2004: About 10,000 Muslim women march through Paris to protest against France’s plan to ban head coverings from public schools.

2005: Palestinian leader Mahmoud Abbas orders his security forces to prevent attacks against Israel and investigate the most recent deadly shooting of Israelis.

2006: In his first statement since becoming Israel’s acting prime minister, Ehud Olmert says he wants to resume final peace talks with the Palestinians and take harsh action against Israeli squatters in the West Bank.

2007: Jainal Antel Sali Jr, a top leader of the al-Qaeda-linked Abu Sayyaf rebel group in the Philippines who was accused of kidnapping three Americans in 2001 and of masterminding one of Southeast Asia’s worst terror attacks three years later, is killed by Filipino army forces. The Doomsday Clock is set at five minutes to midnight in response to North Korea’s first nuclear test.

2008: A British Airways jet from Beijing carrying 152 people crash-lands at London’s Heathrow airport, injuring 19 people and causing more than 200 flights to be cancelled. American-born chess player Bobby Fischer, who became the youngest grandmaster in history when he received the title in 1958, dies at age 64 in Reykjavík, Iceland.

2009: Timmy, the oldest male gorilla in a North American zoo, celebrates his 50th birthday at the Louisville Zoo in Kentucky.

2010: In a synagogue visit haunted by history, Pope Benedict XVI and Jewish leaders spar over the record of the World War II-era pope during the Holocaust and agree on the need to strengthen Catholic-Jewish relations.

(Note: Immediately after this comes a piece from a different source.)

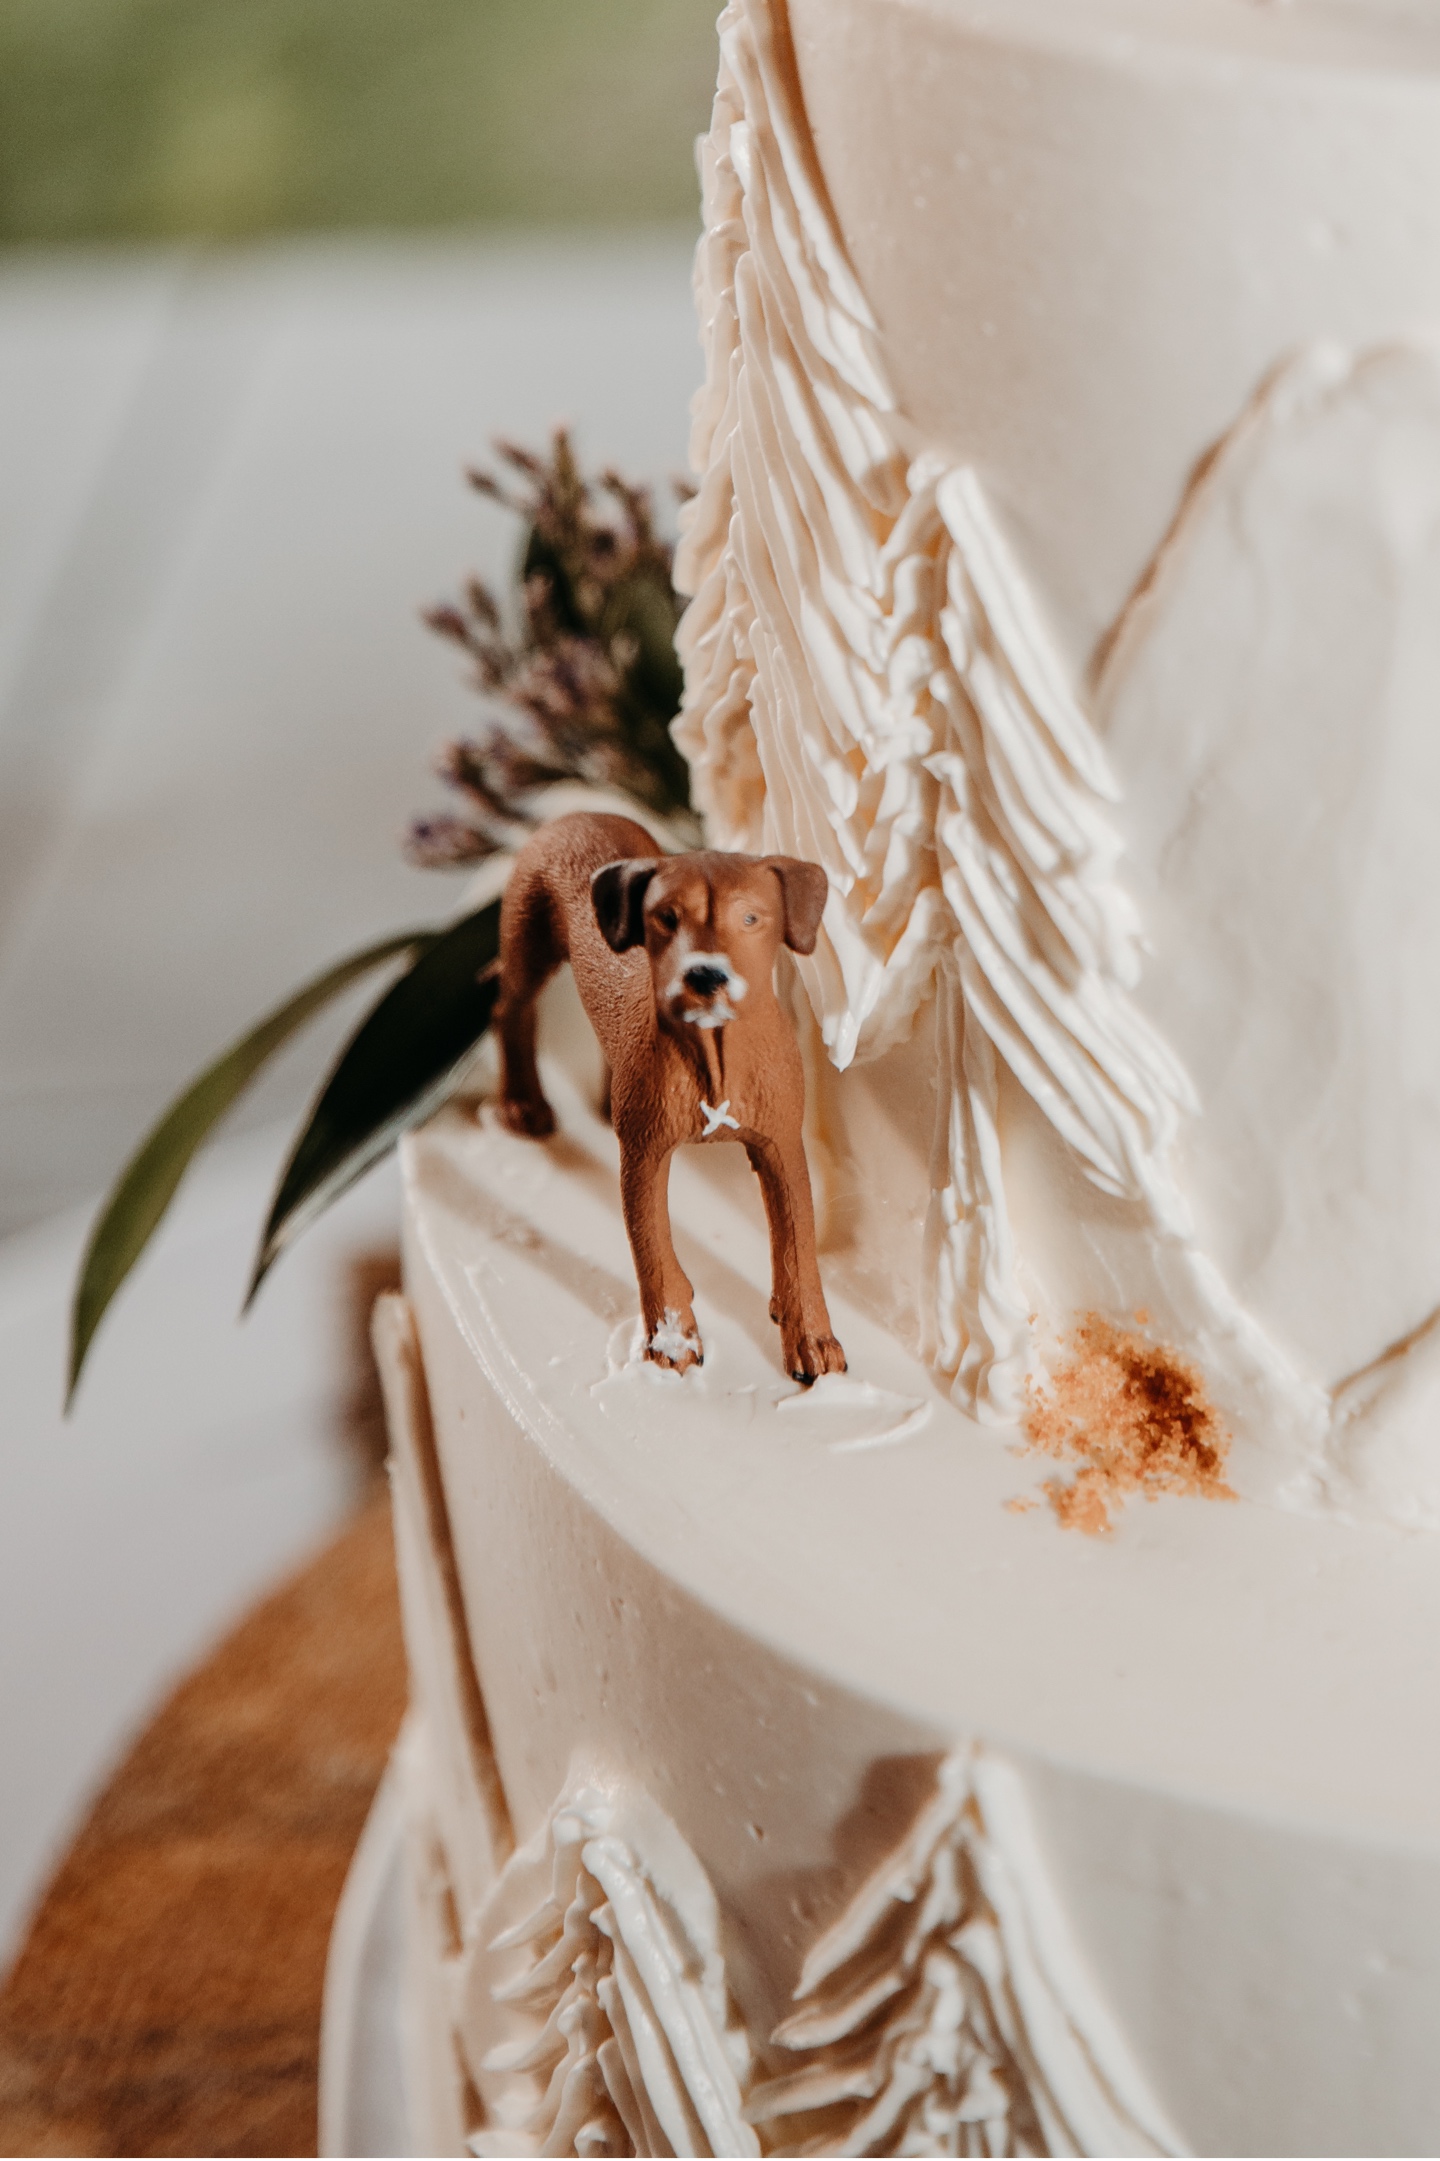 Wedding cake detail with small dog figurine

2011: Tunisia’s prime minister announces a national unity government, allowing opposition into the country’s leadership for the first time in a bid to quell civil unrest following the ouster of President Zine El Abidine Ben Ali.

2012: Scientists confirm that 15 pounds (7 kilogrammes) of rock collected shortly before in Morocco fell to Earth from Mars during a meteorite shower the previous July.

2013: Algerian special forces launch a rescue operation at a natural gas plant in the Sahara Desert and free foreign hostages held by al-Qaeda-linked militants, but estimates for the number of dead vary widely.

TODAY’S BIRTHDAYS

Leonhard Fuchs, German physician (1501-1566); Benjamin Franklin, US statesman and scientist (1706-1790); Anton Chekhov, Russian dramatist (1860-1904); Alphonse Capone, US gangster (1899-1947); Betty White, US actress, (1922-2022); James Earl Jones, US actor (1931- ); Muhammad Ali, US boxer (1947-2016); Una Morris, Jamaican Olympian in 1964, 1968 and 1972 (1947- ); Jim Carrey, Canadian actor (1962- )

— AP/Jamaica Observer

Private use of home VCRs to tape TV programmes for later viewing is approved by the Supreme Court today, in 1984.
The youngest chess grandmaster in history, at age 15 in 1958, Bobby Fischer dies this day at age 64 of kidney failure.